Another way to detect and interpret the presence of MCS between mitochondria and the nucleus is offered by the changes in morphology when they are juxtaposed. Cataloguing such changes—as shown by Desai et al. (2020) and Kosmider et al. (2019)—and using them to score the shortening in distance between the organelles could per se be a means to detect NAM. However, this would solely be valuable if access to ultrastructural imaging is possible, and it would not be scalable.
Along with the direct visualization of contacts, functional readouts can be utilized to assess the physical interplay between mitochondria and the nucleus. The degree of nuclear accumulation of NF-κB could represent a suitable one in mammals according to the evidence so far collected (Desai et al., 2020; Wu et al., 2022).

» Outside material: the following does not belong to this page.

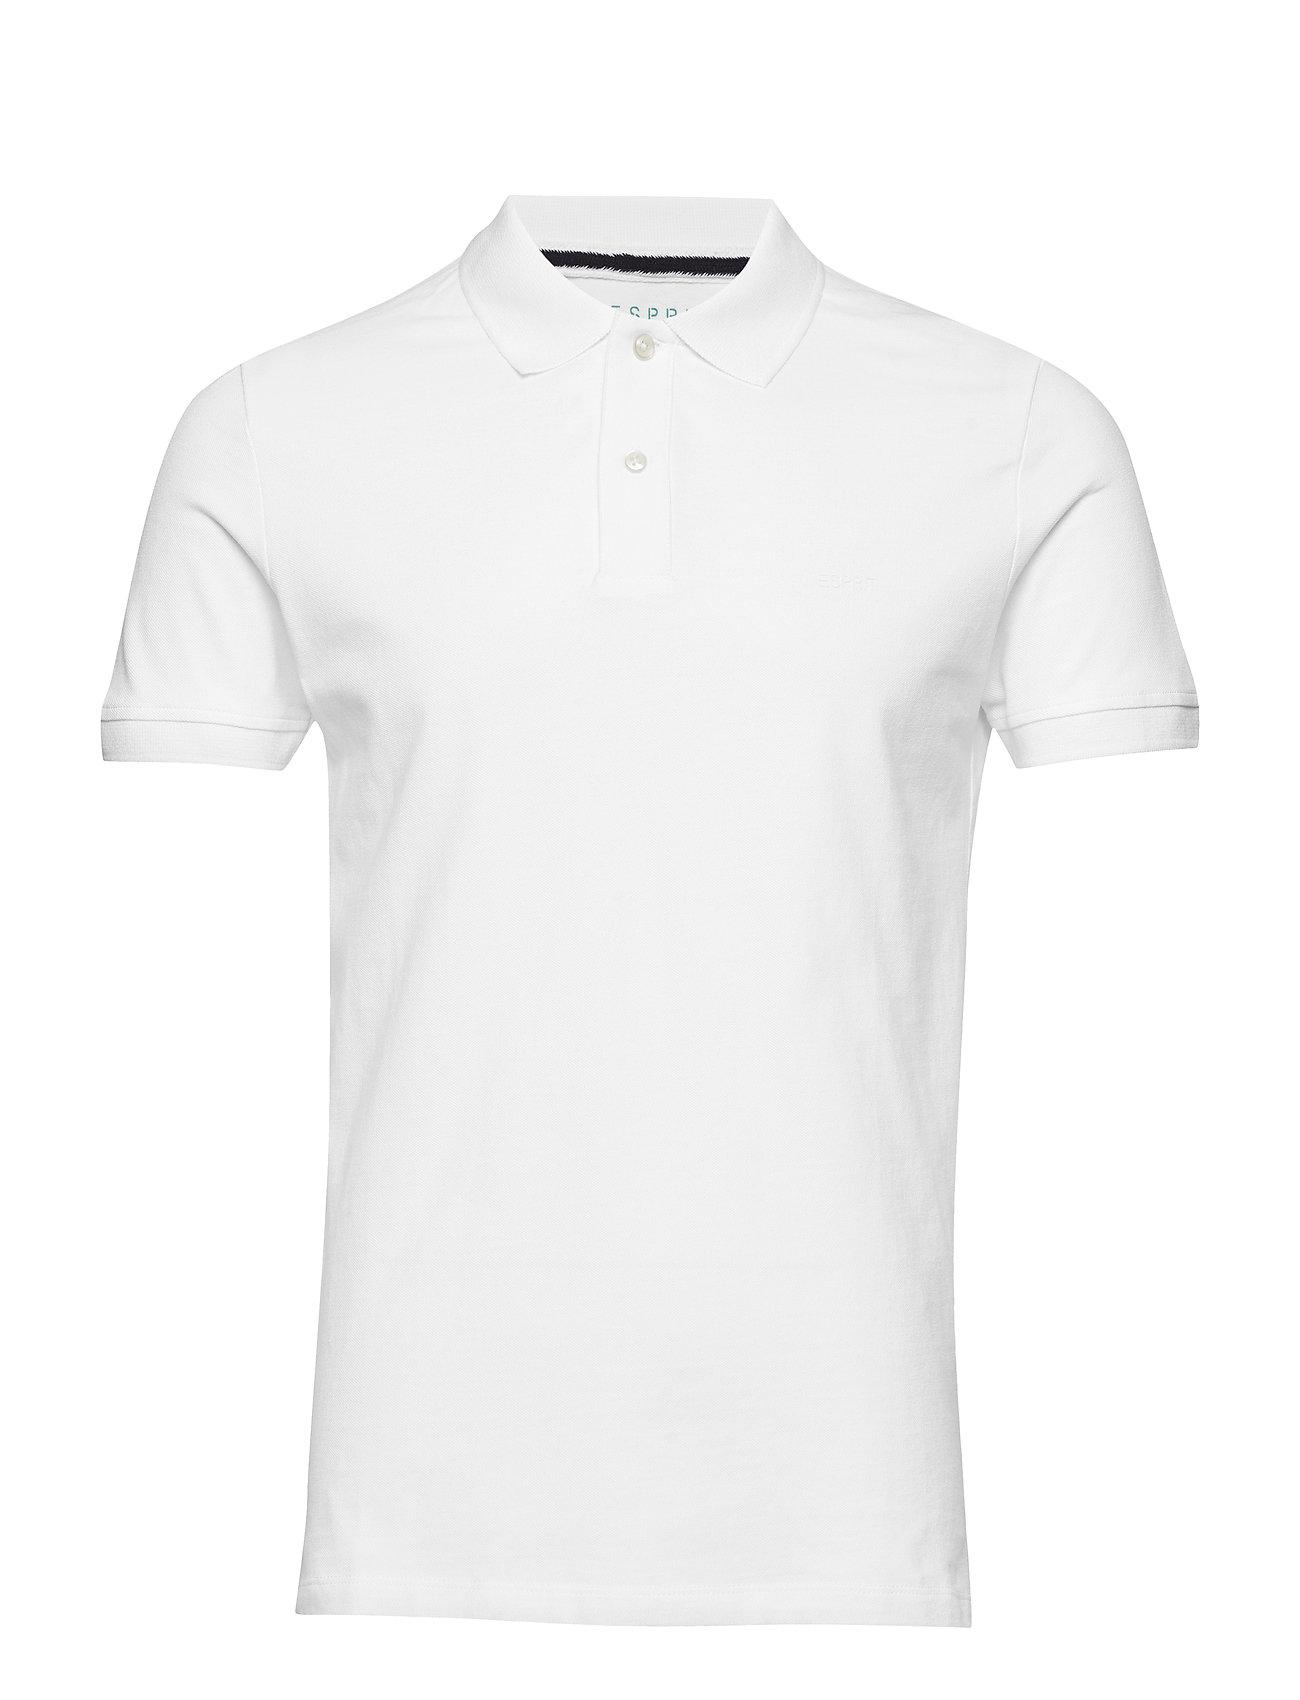 Esprit Casual Polo shirts - WHITE

Whether a transcription factor (or a network of them) could work as a readout for the formation of NAM in yeast is yet to be explored; the homology between Rtg1/3 and Myc-Max (Jazwinski and Kriete, 2012) per se hints to the hypothesis that nuclear accumulation of transcription regulators may well act as readout in this organism too.

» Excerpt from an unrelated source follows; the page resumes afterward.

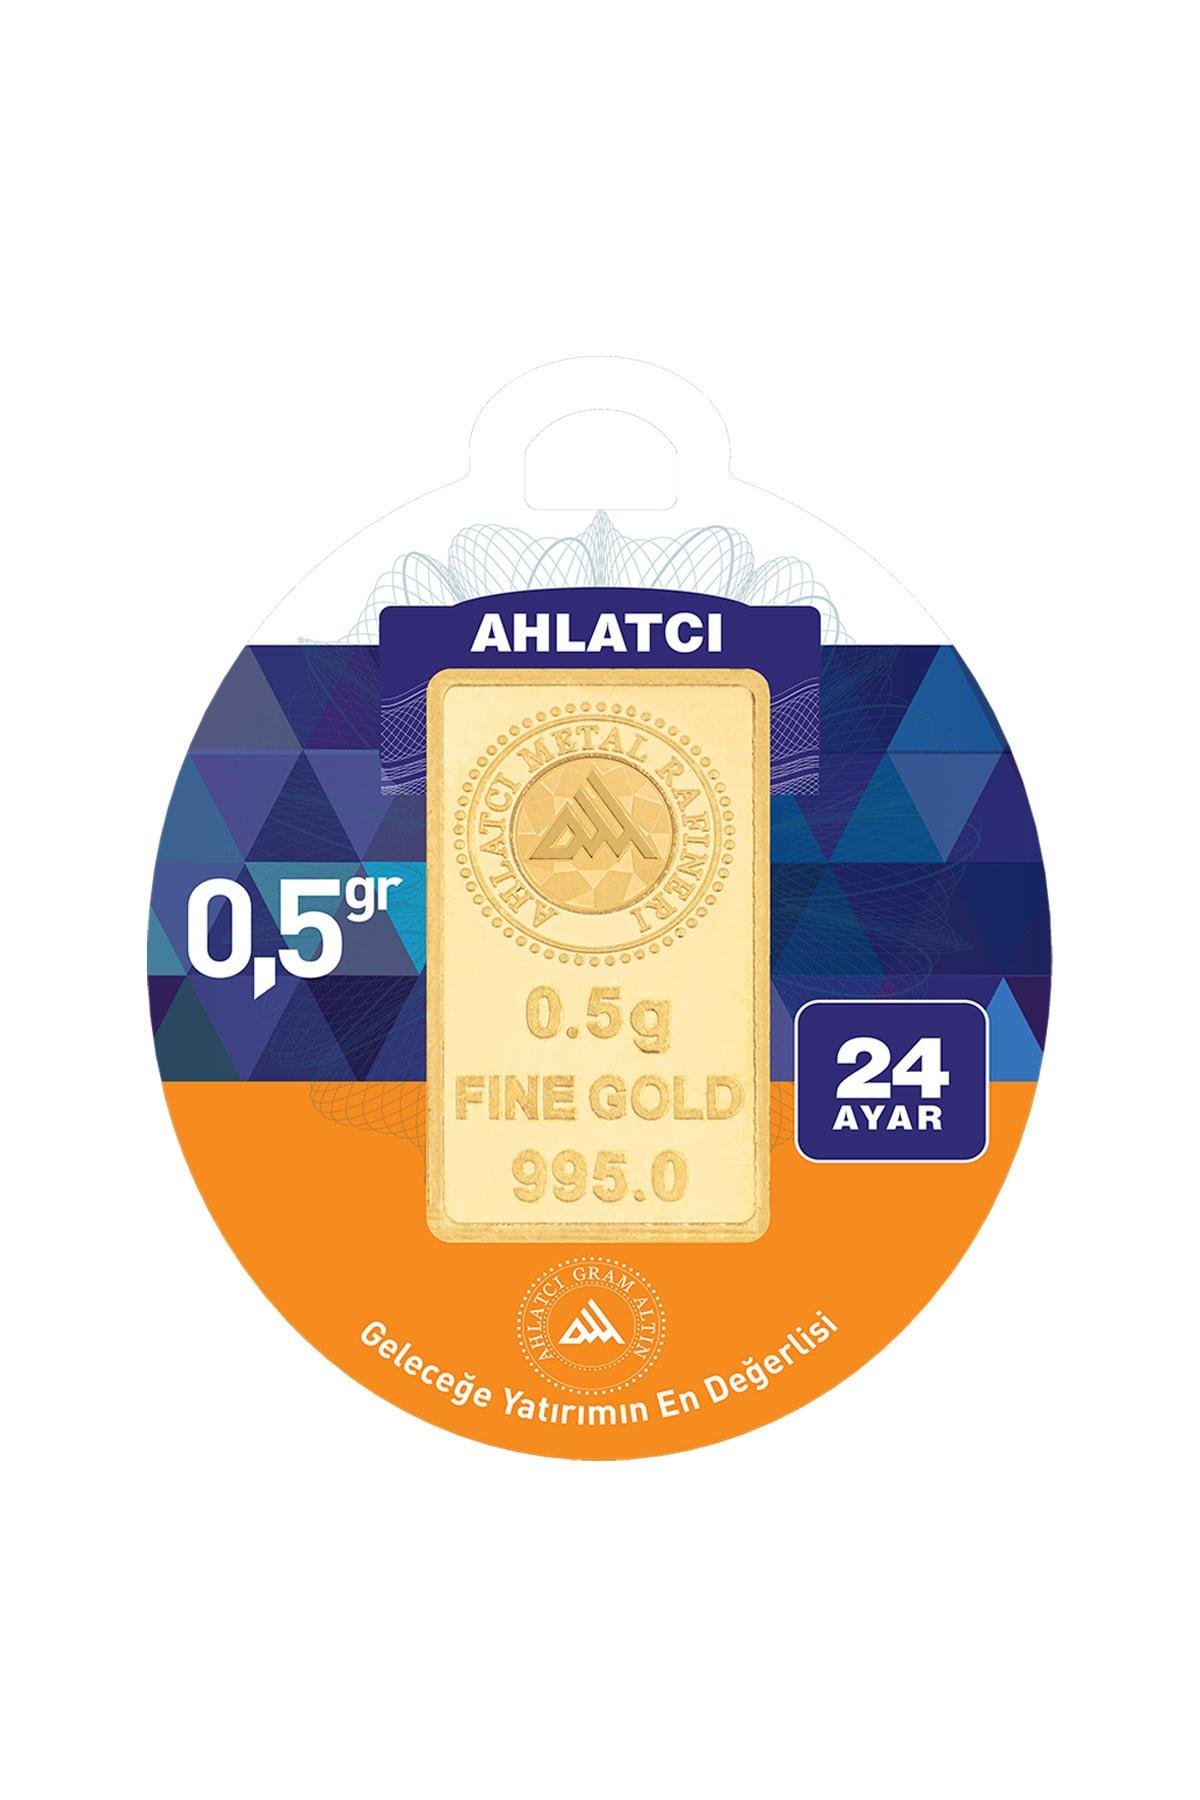 24 Ayar - 0.5g Altın

Monitoring second messengers and their redistribution between the organelles could also represent a method to read the physical interplay of mitochondria with the nucleus. Hitherto, the nuclear accumulation of unmetabolized cholesterol—passed on from redistributed mitochondria—has been indicative of the MCS formation between these two organelles (Desai et al., 2020).

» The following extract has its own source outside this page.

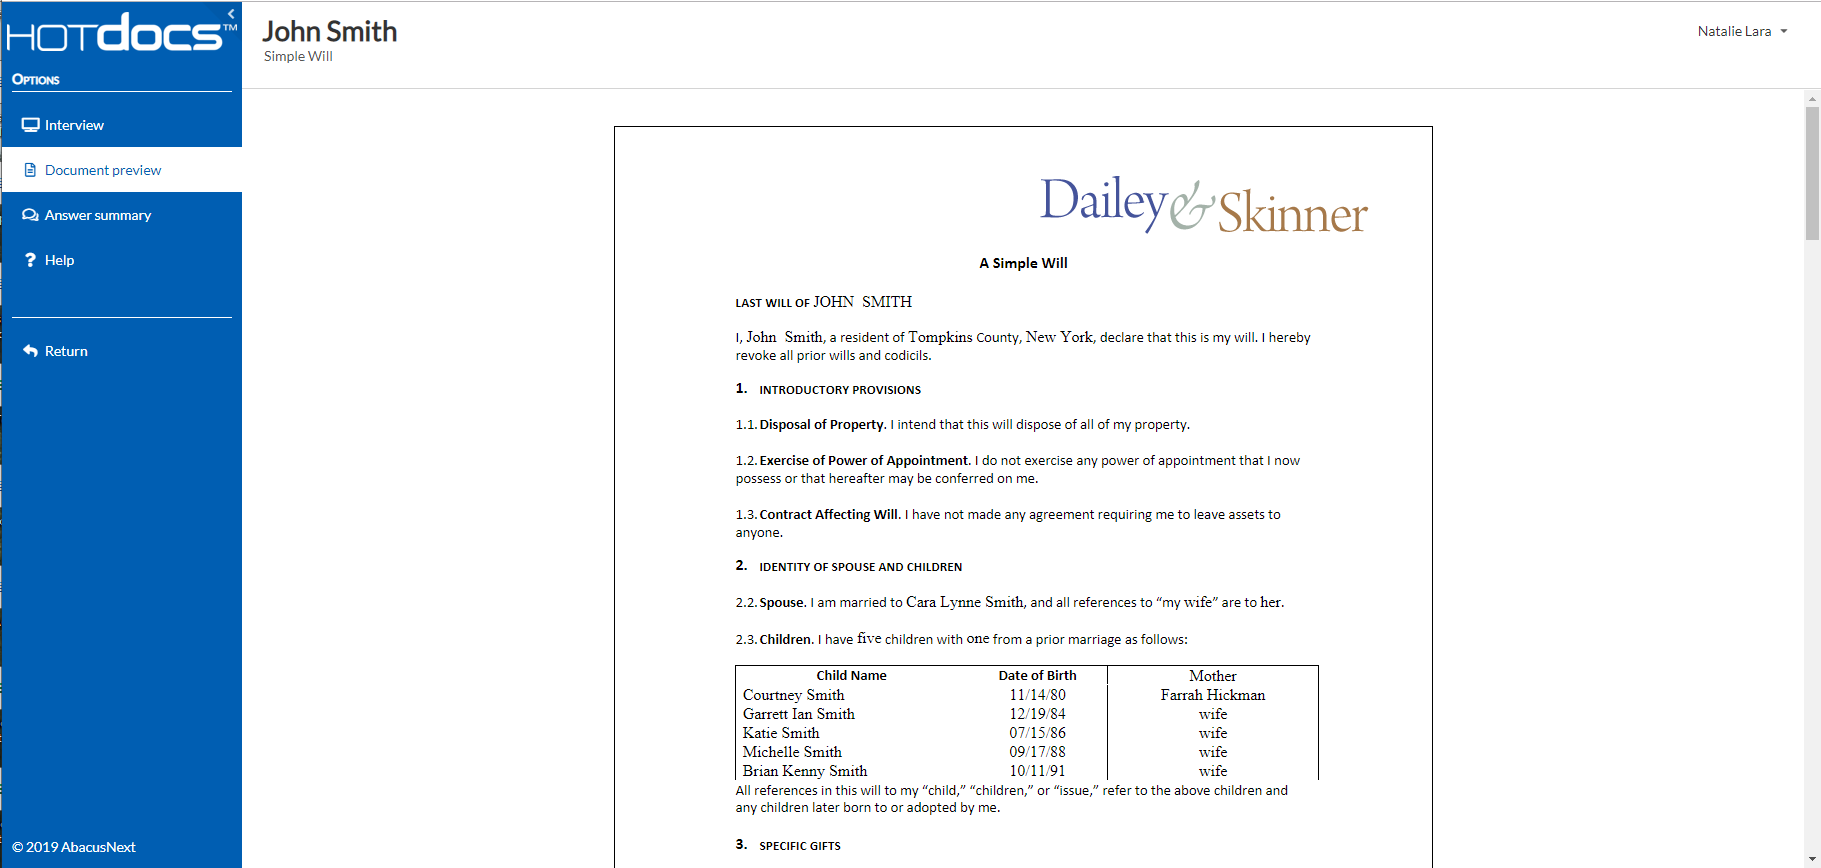 HotDocs Software - Advance Document Preview

Without a doubt, an advanced understanding of the NAM proteomic will unveil post-transcriptional modifications in the molecular repertoire involved in their tethering, thus allowing for more precise and robust methods of detection.
Conclusions
In rapid succession since the initial findings, contacts between mitochondria and the nucleus have been reported both in mammals and single-celled eukaryotes including parasites (Fig. 1). This advocates for a conduit of intracellular communication worthy of general attention for the role they may cover in homeostasis, dys-homeostasis, and evolution. An exhaustive understanding of the NAM proteome and the type of signaling exploited by this new MCS will detail the function of what emerges as a new conduit of communication in cell biology.
Acknowledgments
The research activities led by M. Campanella are supported by the following funders, who are gratefully acknowledged: The European Research Council COG 2018—819600_FIRM; Fondation ARC pour la Recherche sur le Cancer ARCLEADER2022020004901; Italian Association for Cancer Research-My First AIRC Grant 21903; Barts Charity (G-002762); Research Projects of National Relevance (PRIN 202252ZLSX); Biotechnology and Biological Sciences Research Council DTP LIDo.
Disclosures: The authors declare no competing interests exist.